The British pound moved lower against most of its counterparts during this past week, including the US dollar, the Euro and the Australian dollar. The Euro was the biggest gainer against the British pound. The recent economic data missed the expectation, and as a result it gave a reason to the British pound sellers. The GBPUSD pair also moved lower and broke an important support area at 1.6910 level, which paved the way for more losses in the pair. The first release which encouraged the British pound sellers was the UK Gfk consumer confidence. The forecast was slated for a rise from 1 to 2, but outcome missed the expectation. The next in line was the UK manufacturing PMI, which came in at 55.4 from 57.5.
UK Construction PMI
The GBPUSD pair looks like stabilizing around the 1.6820-30 level and consolidating in a range. The UK construction PMI was also released earlier during the London session today by the Chartered Institute of Purchasing & Supply and Markit Economics. The forecast was slated for a decline from 62.6 to 62.0. However, the outcome was a bit on the positive side, as the UK construction PMI climbed to 62.4. The report mentioned that there was strong output growth across the UK construction sector during July, and housing activity remained by far the best performing construction category. One of the highlights of the report was that the job creation across the construction sector was the fastest in the last 15 years.

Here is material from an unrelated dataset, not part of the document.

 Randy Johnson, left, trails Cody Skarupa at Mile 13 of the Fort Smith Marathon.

However, all these events can only impact in the short term. There is a major risk event lined up later during this week i.e. the Bank of England interest rate decision on Thursday. There is no change expected in rates, so it is likely that the pair might gain some traction.

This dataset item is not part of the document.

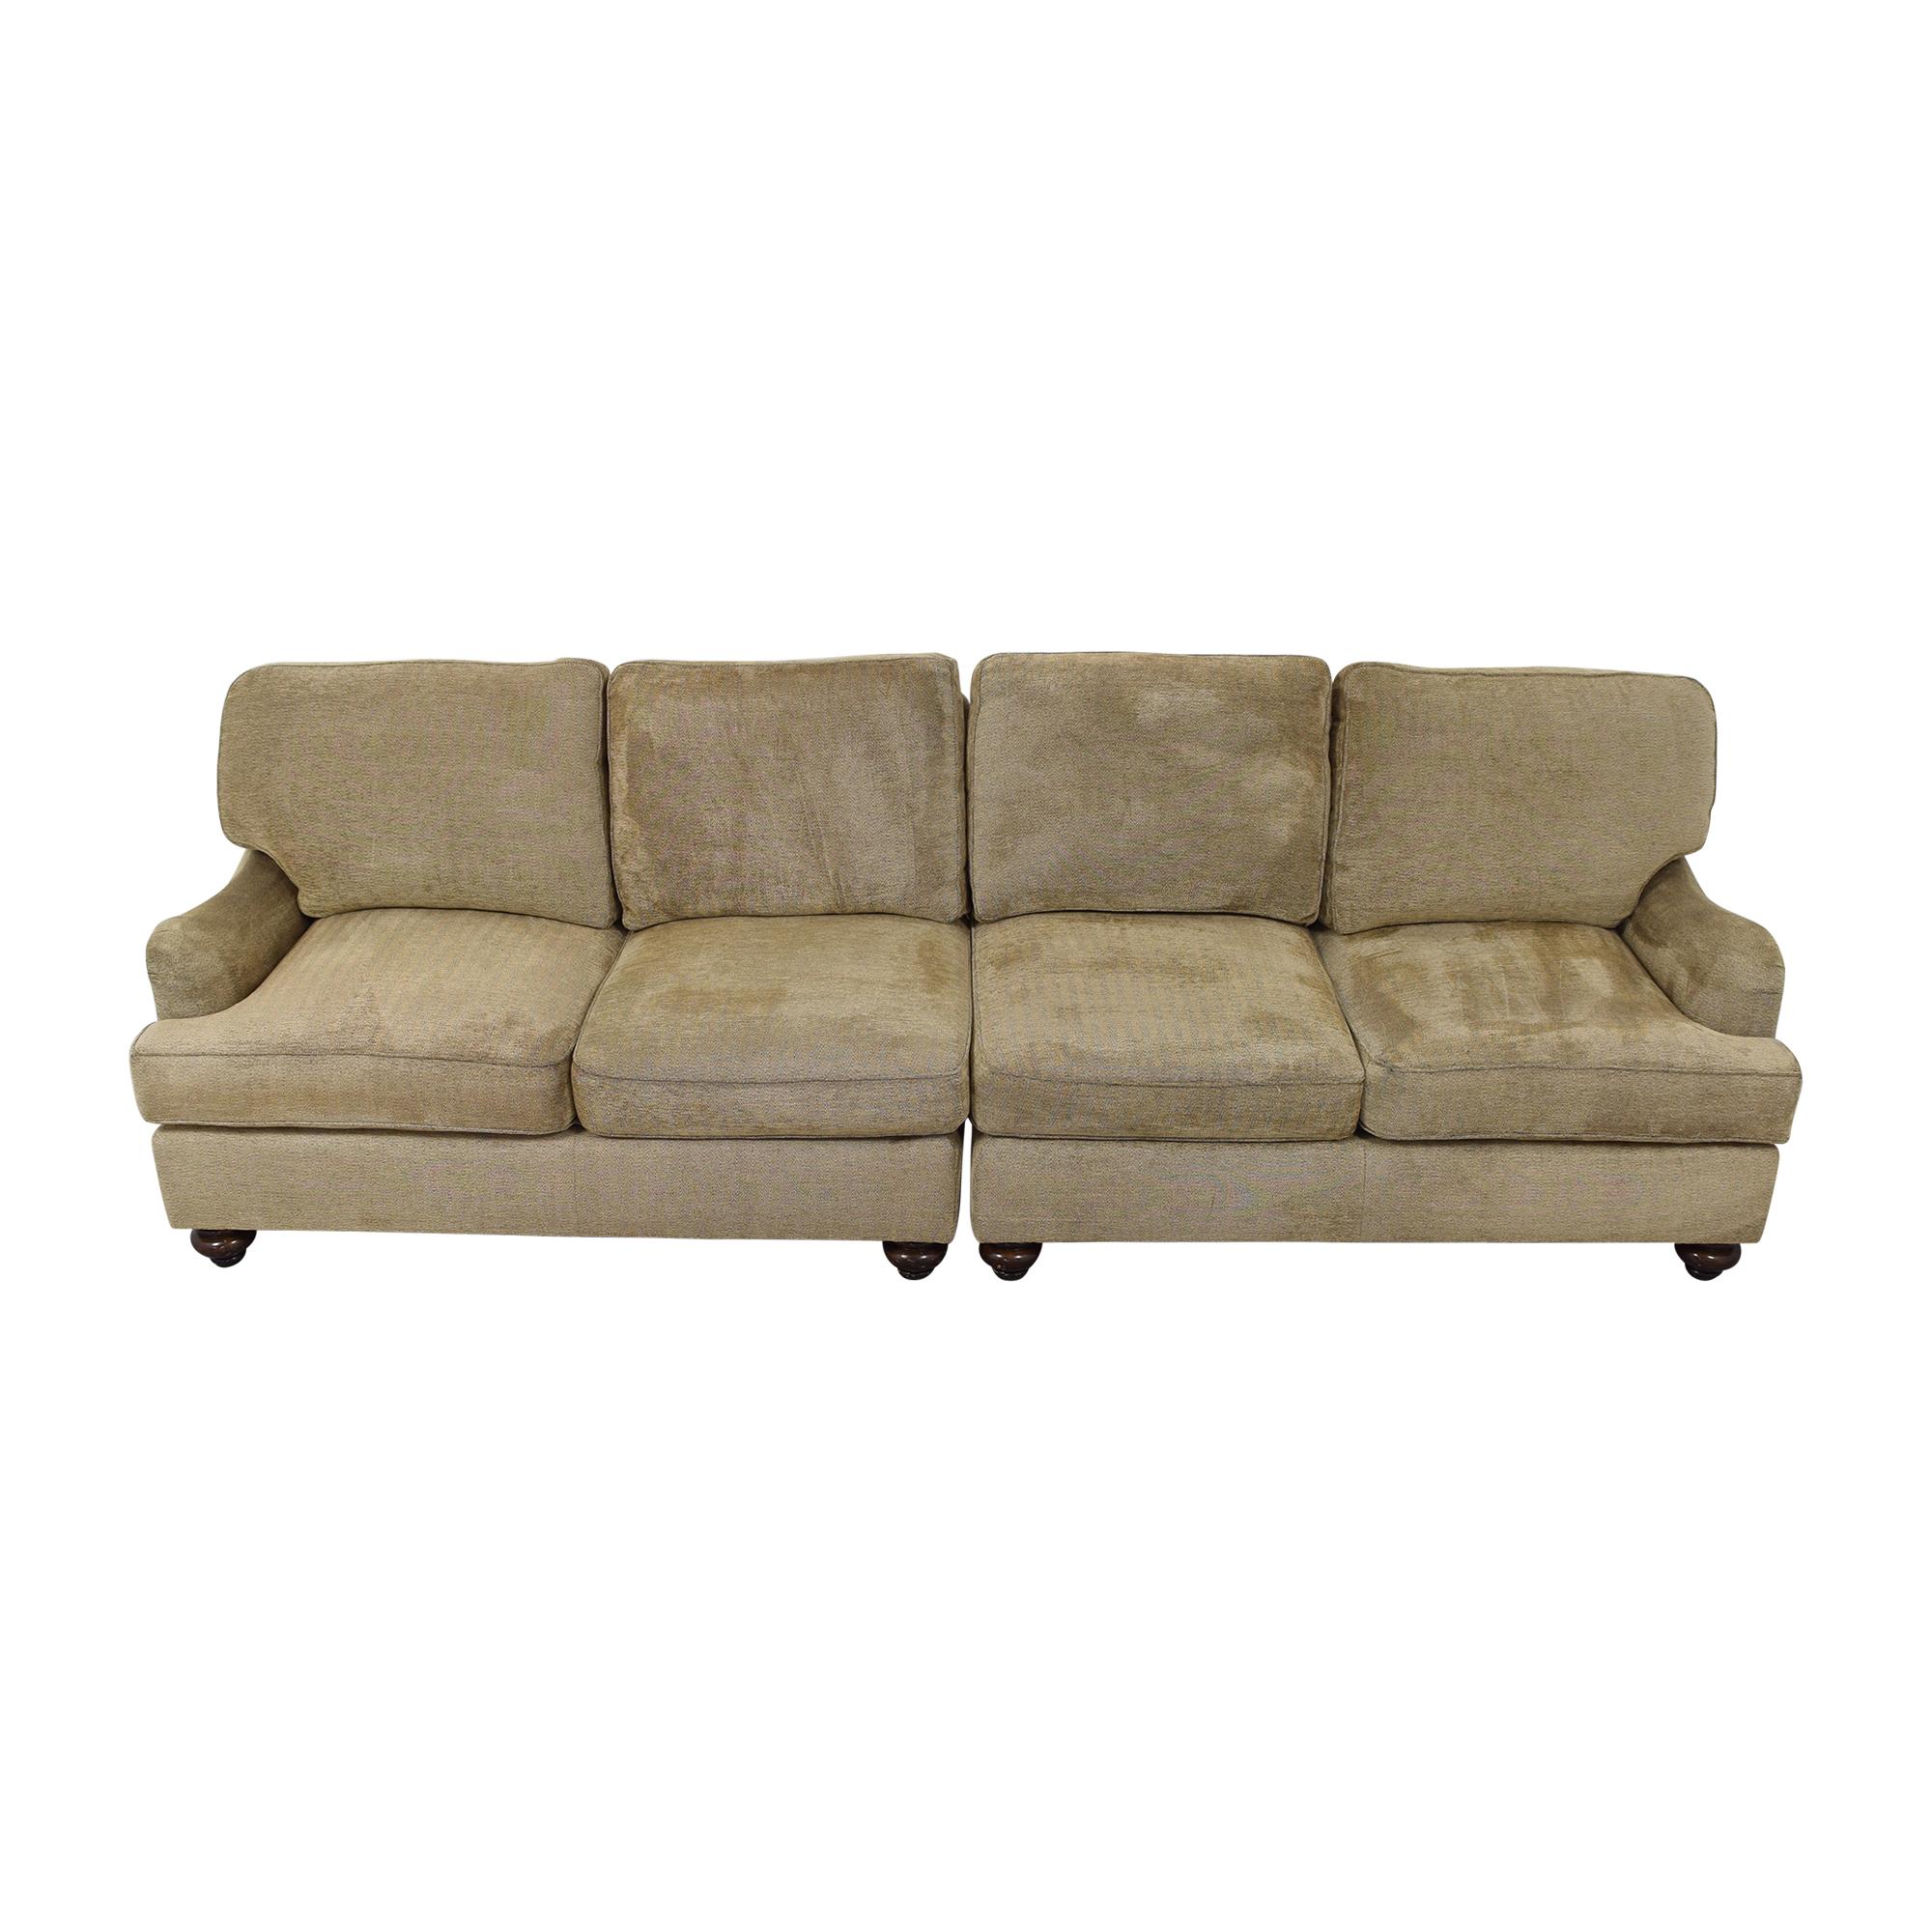 Henredon Furniture Mid-Century Modern Couch sale

Technically, the GBPUSD pair traded a touch higher during the London session, and traded close to the 1.6850 level as of writing. It is important to note that the mentioned level acted as a support earlier, and might act as a resistance moving ahead. On the downside, the 1.6810-00 is a major support area for the pair, and it must hold if the pair has to continue trading higher in the coming days. A break and close below the mentioned area might call for more losses towards the 1.6720 level. On the upside, the most important resistance lies around the 1.6910 level.